We’ve arrived to every vacation safely, comfortably, and in style in the Space Wagon (Well, maybe not “style” in the popular sense), carrying more things than you could imagine. And when we needed a getaway car to complete the backdrop of our Bonnie & Clyde costume, guess who made the cameo.
When our kids were terrible nappers, Husband and I drove them around in the Space Wagon until they fell asleep. When I drove my first carpool to my daughter’s first ballet school, we arrived in the Space Wagon. For a mom who was herself in dance school for 13 years, a moment that size isn’t easily forgotten.
The Space Wagon has been our dry roof on rainy days at the bluffs. Maybe my favorite thing about her is the removable back row, a tailgater’s dream. With the hatch trunk open, she sits 3 people and offers dim lighting the evening hours, and as our kids grew, she also served as a space for them to play. It was like a pack ‘n play on wheels but bigger and more awesome.
(Look closely. See the Space Wagon’s bucket seat on the grass?)

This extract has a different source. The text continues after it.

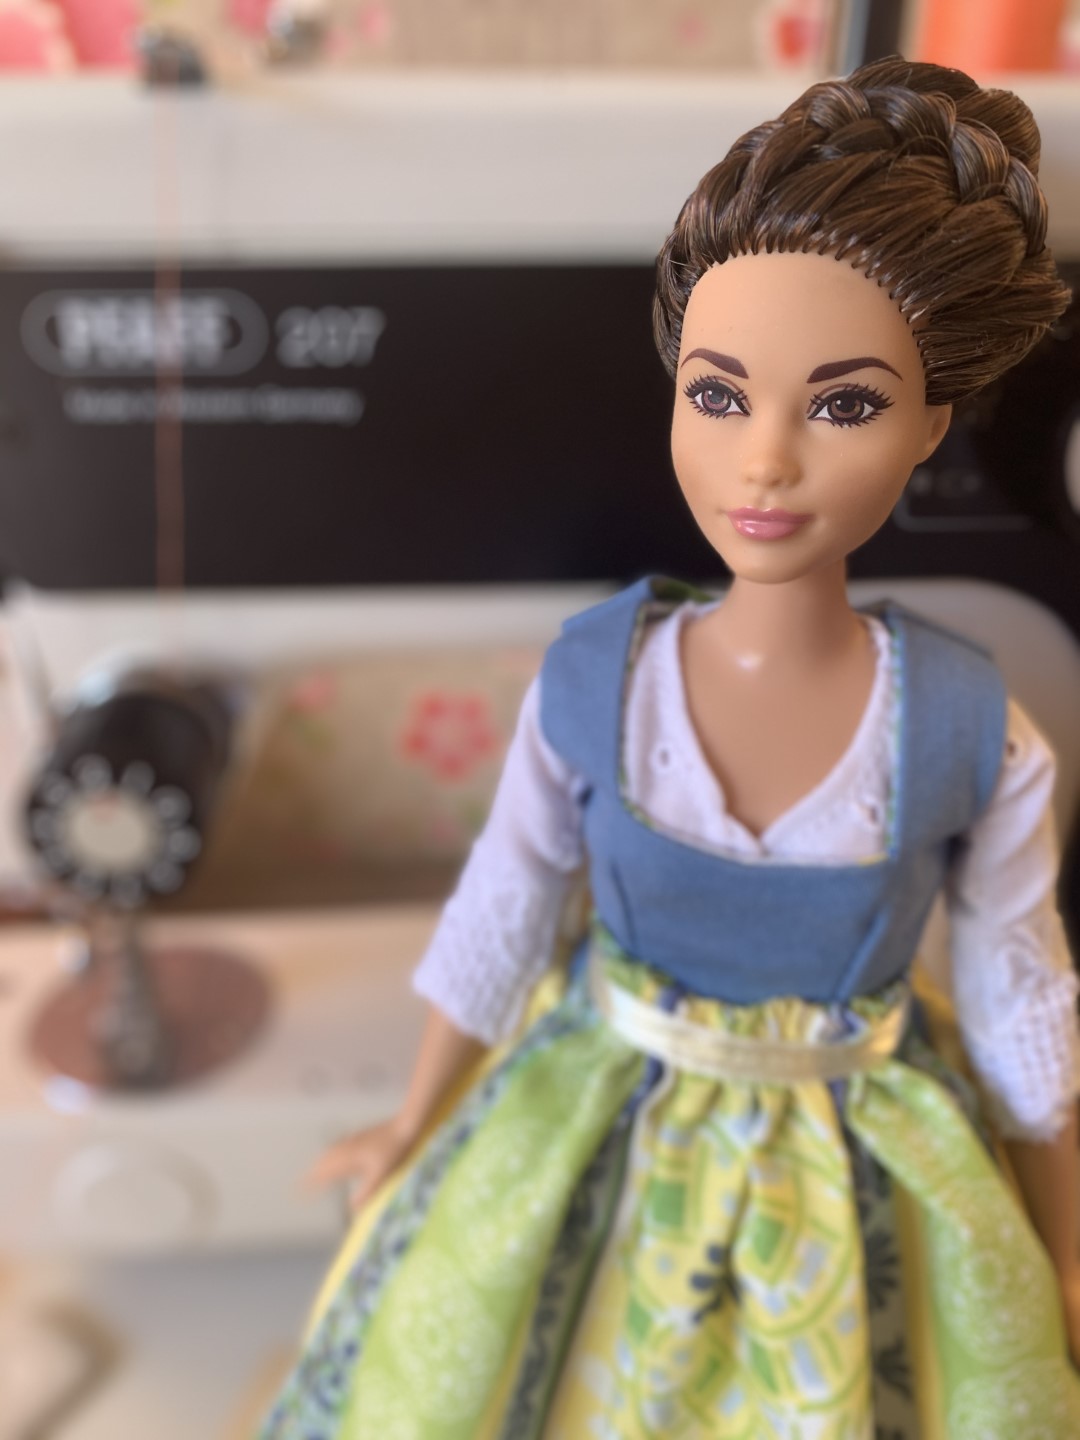 Auf Instagram erzählt Claudia Geschichten mit ihren Puppen

And the Space Wagon hasn’t just been our car; she’s been the car of many. She’s been the wheels for sunset happy hours in Boca Chica and the team whip for End of the Year parties in the Colonial Zone. Family vacays with my parents to every corner of the island made possible with a car that fits everything including that pesky kitchen sink. And she’s famous to boot. Possibly the most notable car of our expat community, we had friends take selfies with the Space Wagon when they spotted her in the parking lot.
She’s a beauty I tell you.
So on that family trip through an ocean and across bumpy terrain, I had that realization you get when you fully understand the value something has added to your life. To many, a car is a bunch of metal doors. It gets you from Point A to B, but for us, the Space Wagon isn’t just a car. She has been with us from the beginning, more constant than a home; a literal and figurative vehicle of our life here.
I will miss you, Space Wagon.
I’ll never let go.
(cue penny whistle intro to “My Heart Will Go On.”)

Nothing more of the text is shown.